访问 HDFS 3.x 时报错：java.lang.VerifyError: xxx

1.2.1 之前的版本中，Doris 依赖的 Hadoop 版本为 2.8。需更新至 2.10.2。或更新 Doris 至 1.2.2 之后的版本。
使用 Hedged Read 优化 HDFS 读取慢的问题。

在某些情况下，HDFS 的负载较高可能导致读取某个 HDFS 上的数据副本的时间较长，从而拖慢整体的查询效率。HDFS Client 提供了 Hedged Read 功能。该功能可以在一个读请求超过一定阈值未返回时，启动另一个读线程读取同一份数据，哪个先返回就是用哪个结果。

注意：该功能可能会增加 HDFS 集群的负载，请酌情使用。

可以通过以下两种方式开启这个功能：
- 在创建 Catalog 的参数中指定：
```
create catalog regression properties (
    'type'='hms',
    'hive.metastore.uris' = 'thrift://172.21.16.47:7004',
    'dfs.client.hedged.read.threadpool.size' = '128',
    'dfs.client.hedged.read.threshold.millis' = "500"
);
```
  dfs.client.hedged.read.threadpool.size 表示用于 Hedged Read 的线程数，这些线程由一个 HDFS Client 共享。通常情况下，针对一个 HDFS 集群，BE 节点会共享一个 HDFS Client。
  
  dfs.client.hedged.read.threshold.millis 是读取阈值，单位毫秒。当一个读请求超过这个阈值未返回时，会触发 Hedged Read。

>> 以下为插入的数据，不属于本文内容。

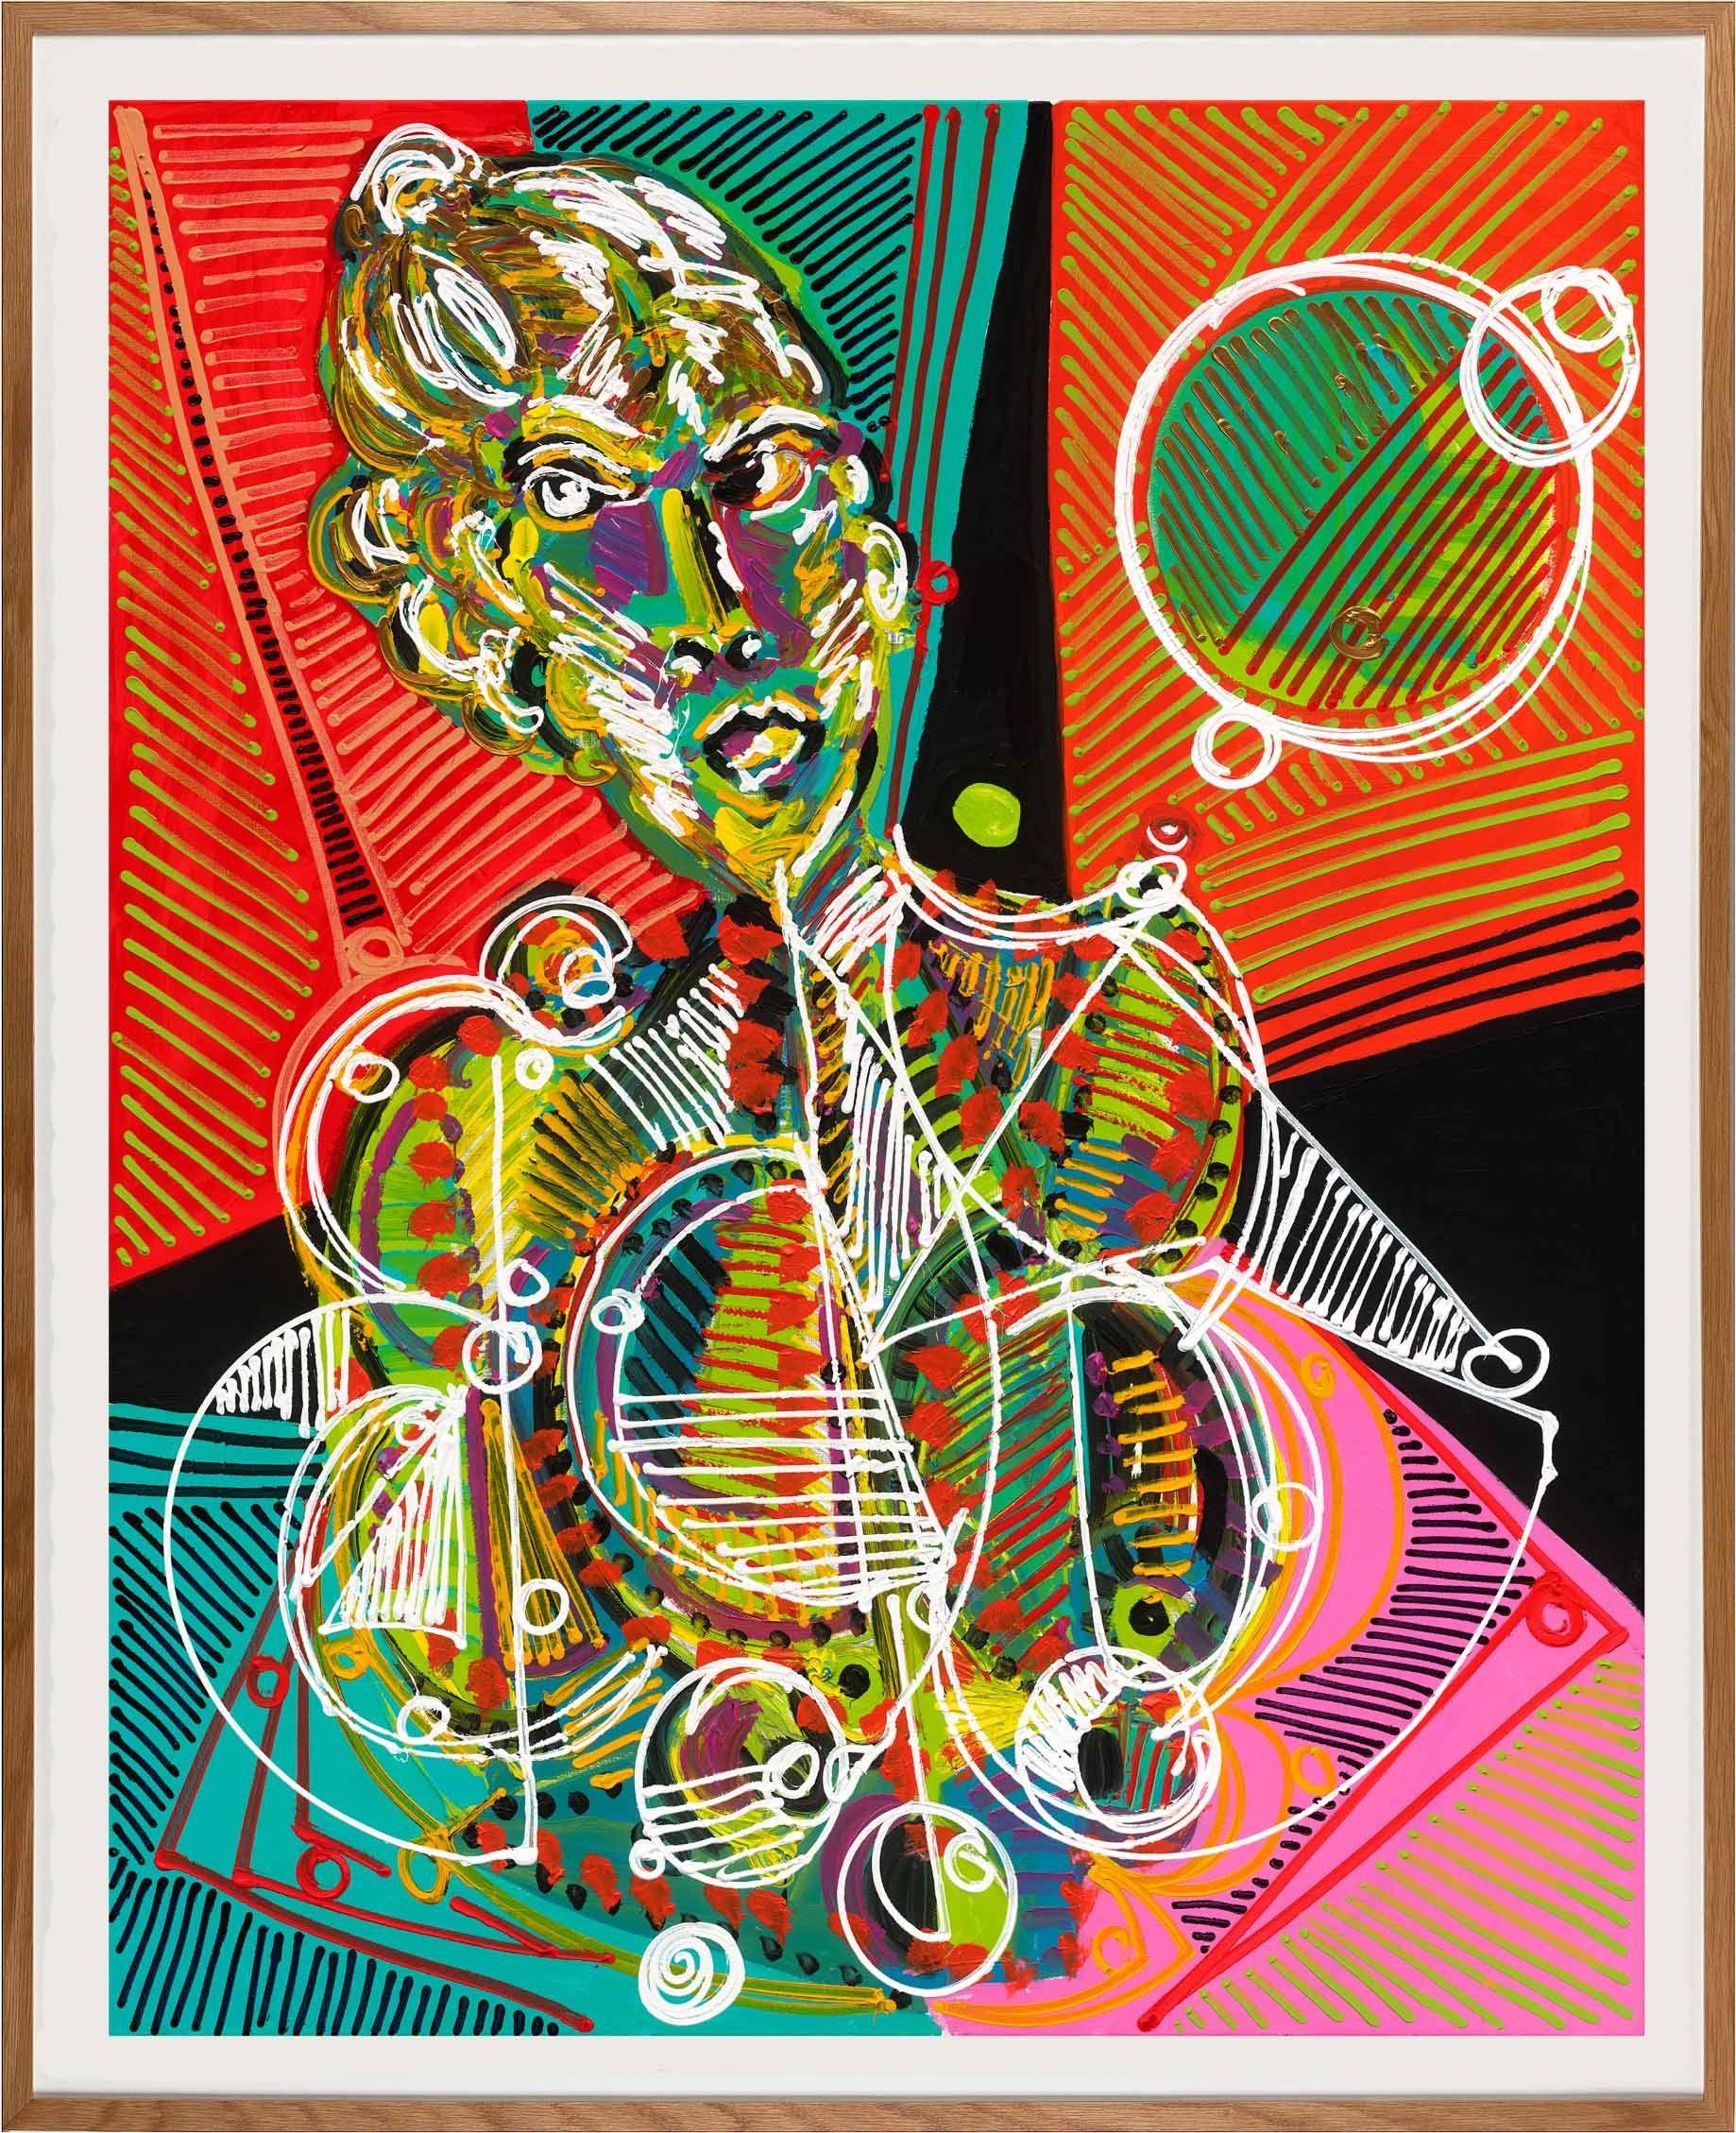 die galerie fur moderne kunst startseite selbstgemacht artpop amerikanischer maler modern
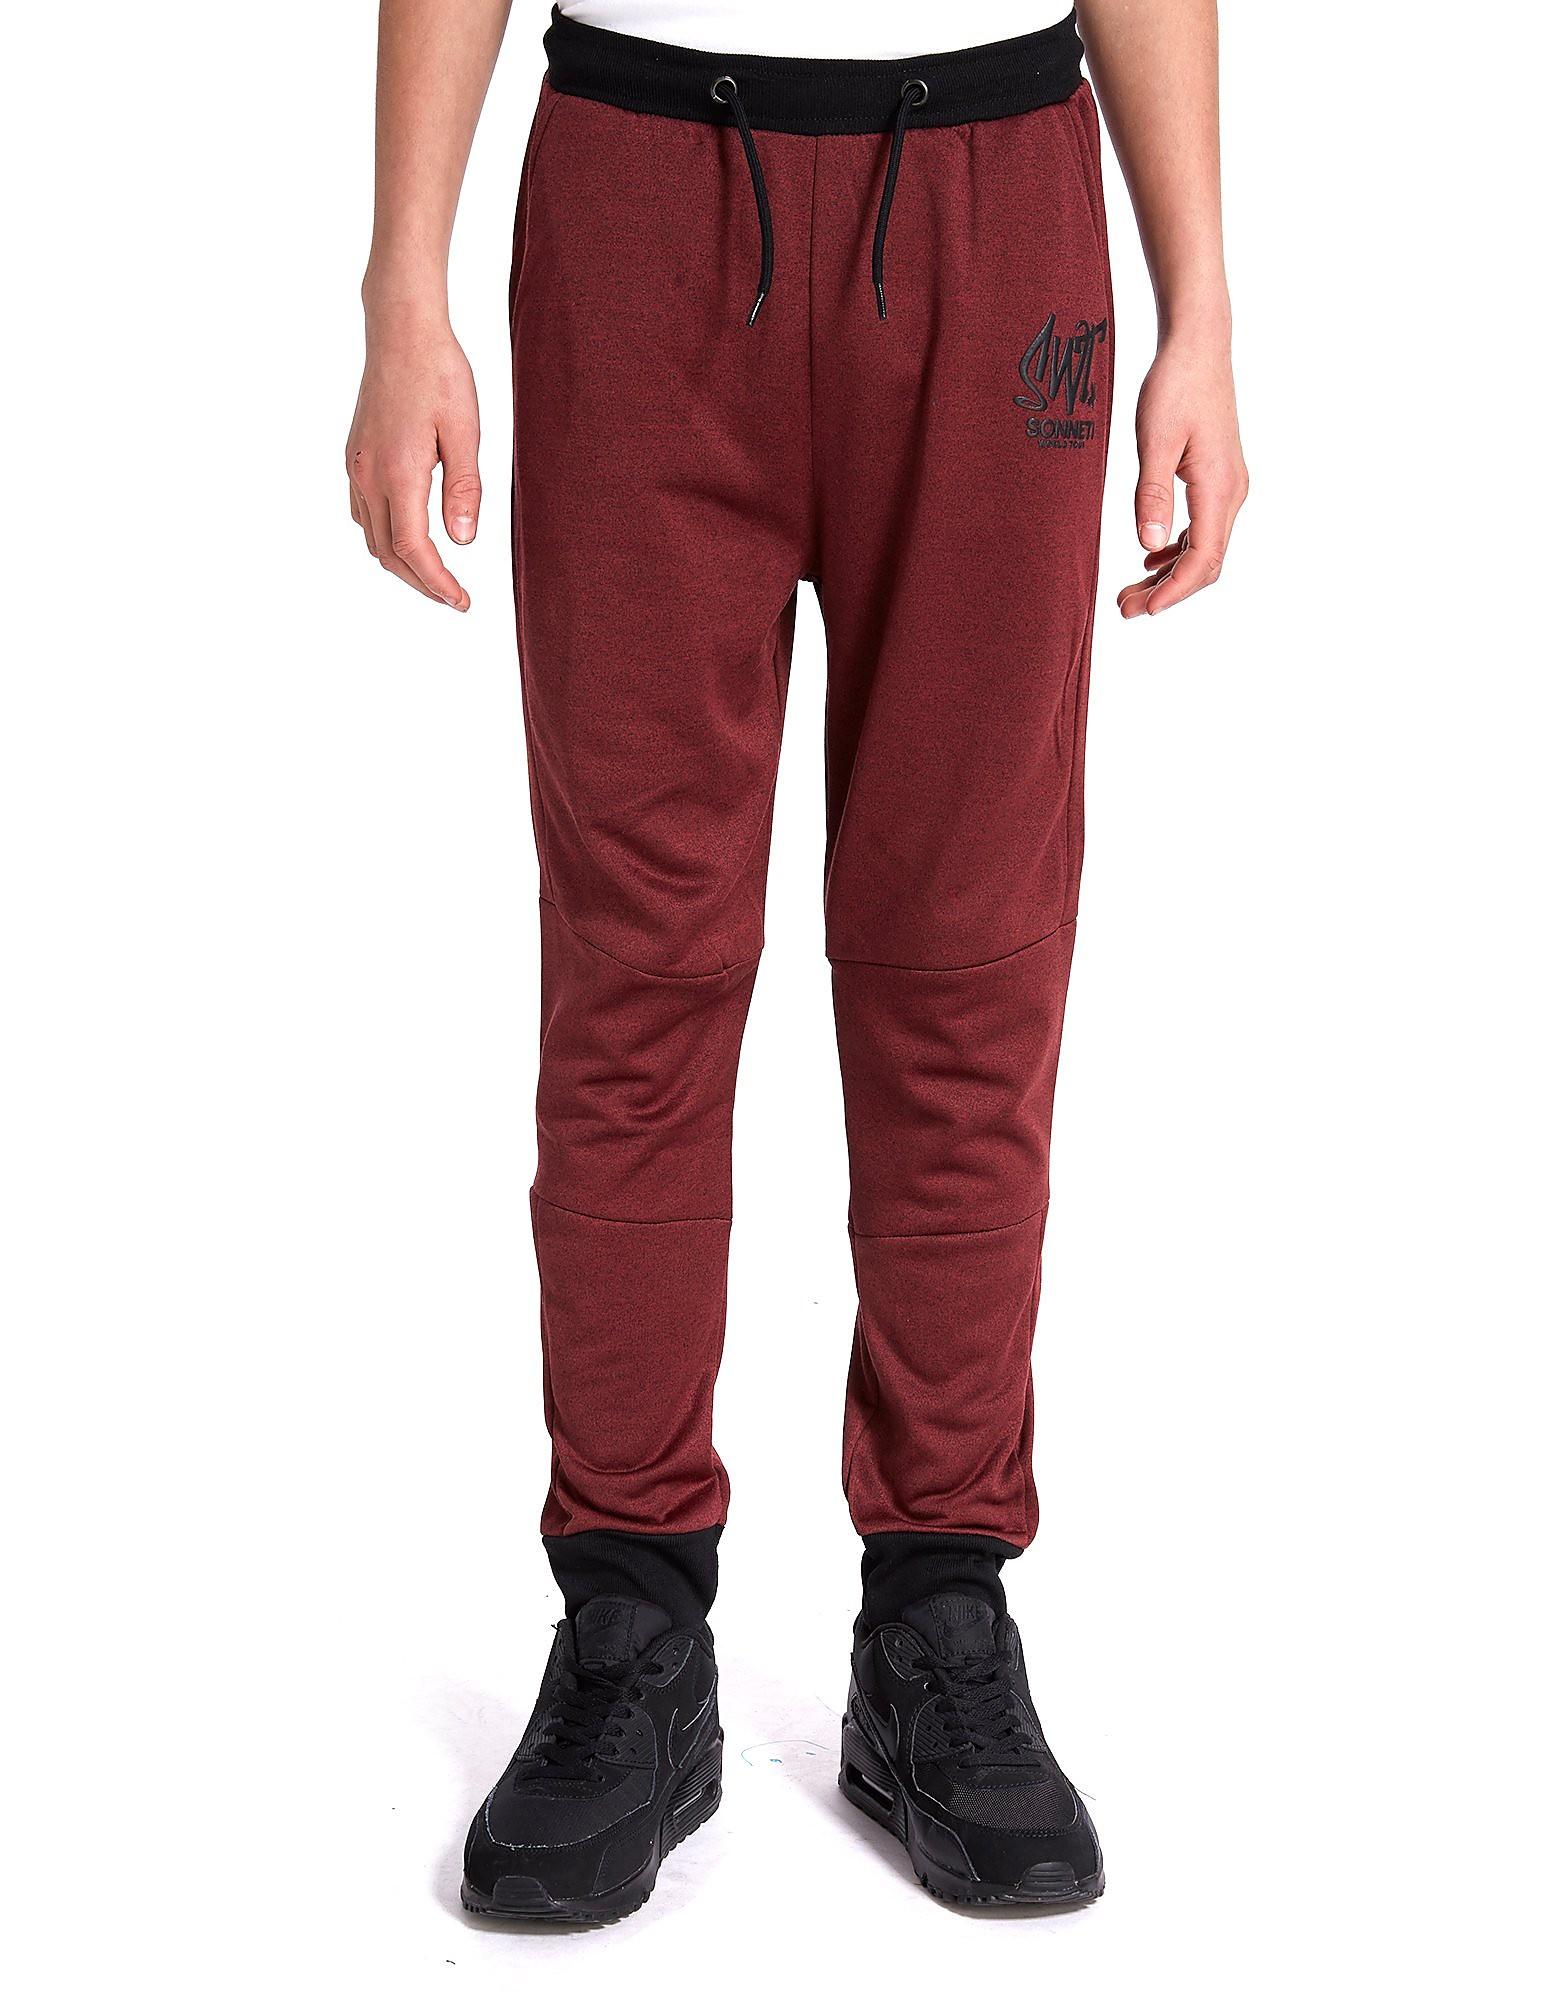 Sonneti Compounder Pants Junior

开启后，可以在 Query Profile 中看到相关参数：
`TotalHedgedRead`: 发起 Hedged Read 的次数。
`HedgedReadWins`：Hedged Read 成功的次数（发起并且比原请求更快返回的次数）
注意，这里的值是单个 HDFS Client 的累计值，而不是单个查询的数值。同一个 HDFS Client 会被多个查询复用。

DLF Catalog

使用DLF Catalog时，BE读在取JindoFS数据出现Invalid address，需要在/ets/hosts中添加日志中出现的域名到IP的映射。
读取数据无权限时，使用hadoop.username属性指定有权限的用户。
DLF Catalog中的元数据和DLF保持一致。当使用DLF管理元数据时，Hive新导入的分区，可能未被DLF同步，导致出现DLF和Hive元数据不一致的情况，对此，需要先保证Hive元数据被DLF完全同步。